What if we already had at our fingertips — or right under our feet — a shovel-ready climate solution? What if millions of people not only knew about this solution, but could also actively help advance it?
“Kiss the Ground,” a new documentary, injects hope into the climate crisis conversation by shining a light on how the way we treat soil, including how we grow food, offers a pathway to drawing down excess carbon from the atmosphere and putting it back in the ground, where it belongs.
The film, now showing on Netflix, aims to enlist and deploy an army of soil-solution climate activists by delivering an easy-to-digest crash course on soil and climate science to a mainstream audience.
“We thought, what if we could train thousands, if not millions, of new advocates,” said Finian Makepeace, co-founder of Kiss the Ground, a nonprofit that serves as an online educational hub for regenerative agriculture.
“People who hear about this and are interested in it, instead of having to spend all of their time doing the research on their own, we could train them to be proficient advocates, and how to clearly communicate the ideas to target audiences,” Makepeace told Children’s Health Defense. “Once someone grasps the significance of rebuilding soil, through farming and ecosystem restoration, they can have a new understanding of the whole system of land.”
Actor Woody Harrelson, who narrates the film, tells viewers, “Soil has the unique ability to sequester carbon out of the atmosphere.” It’s a solution “as old as dirt,” Harrelson says.
For the first time in 12 years, global warming made the list of debate topics during a national U.S. presidential debate. Yet as is more often than not the case, the candidates focused exclusively on investments in renewable energy. Absent from the conversation? How much industrial agriculture contributes to global warming — and how great the potential is to not only mitigate, but to actually reverse global warming by changing how we grow food and manage land.
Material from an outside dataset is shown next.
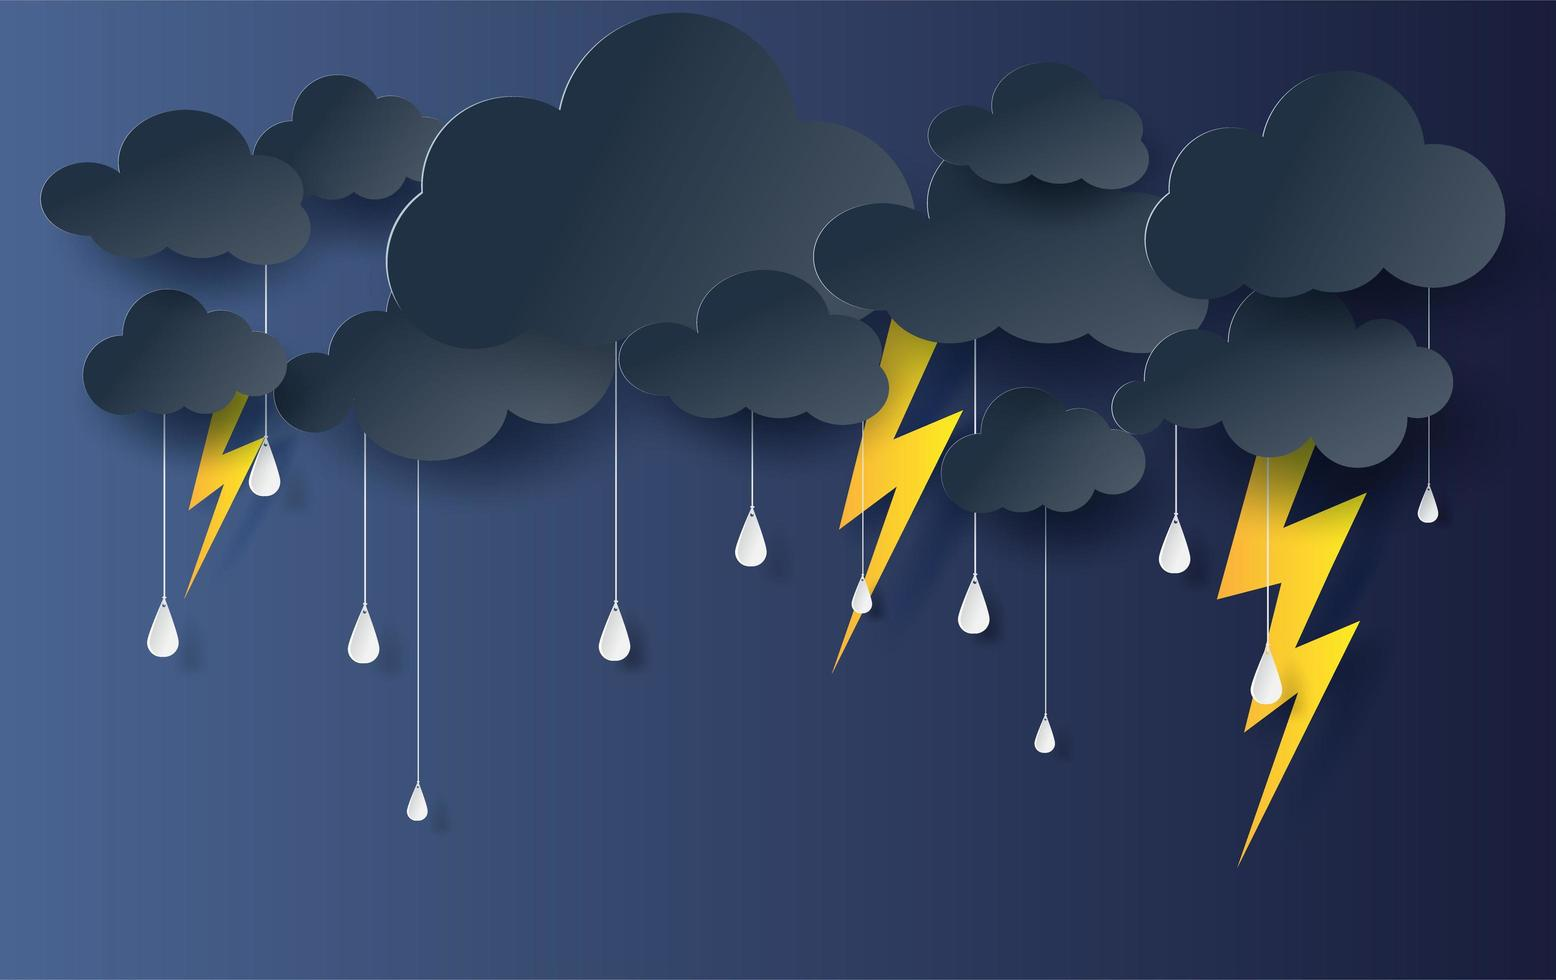 papper konst och hantverk stil moln och regn banner bakgrund vektor

The film also highlights the many co-benefits of transitioning to agriculture based on good soil management techniques. Co-benefits include promoting food security by enhancing food crops’ ability to survive droughts and floods, and stemming the tide of species extinction by promoting biodiversity.
“Kiss the Ground” explains how tilling the ground before planting releases carbon into the atmosphere and decreases healthy soil organic matter. The film also makes a compelling case against spraying soil with toxic chemicals, a common industrial agriculture practice that “kills the very microbes we need to give us health,” Harrelson tells viewers. He describes a “vicious cycle” of large-scale industrial agriculture: The more tilling is done, the weaker the soil gets, and the weaker the soil gets, the more farmers use the toxic chemicals.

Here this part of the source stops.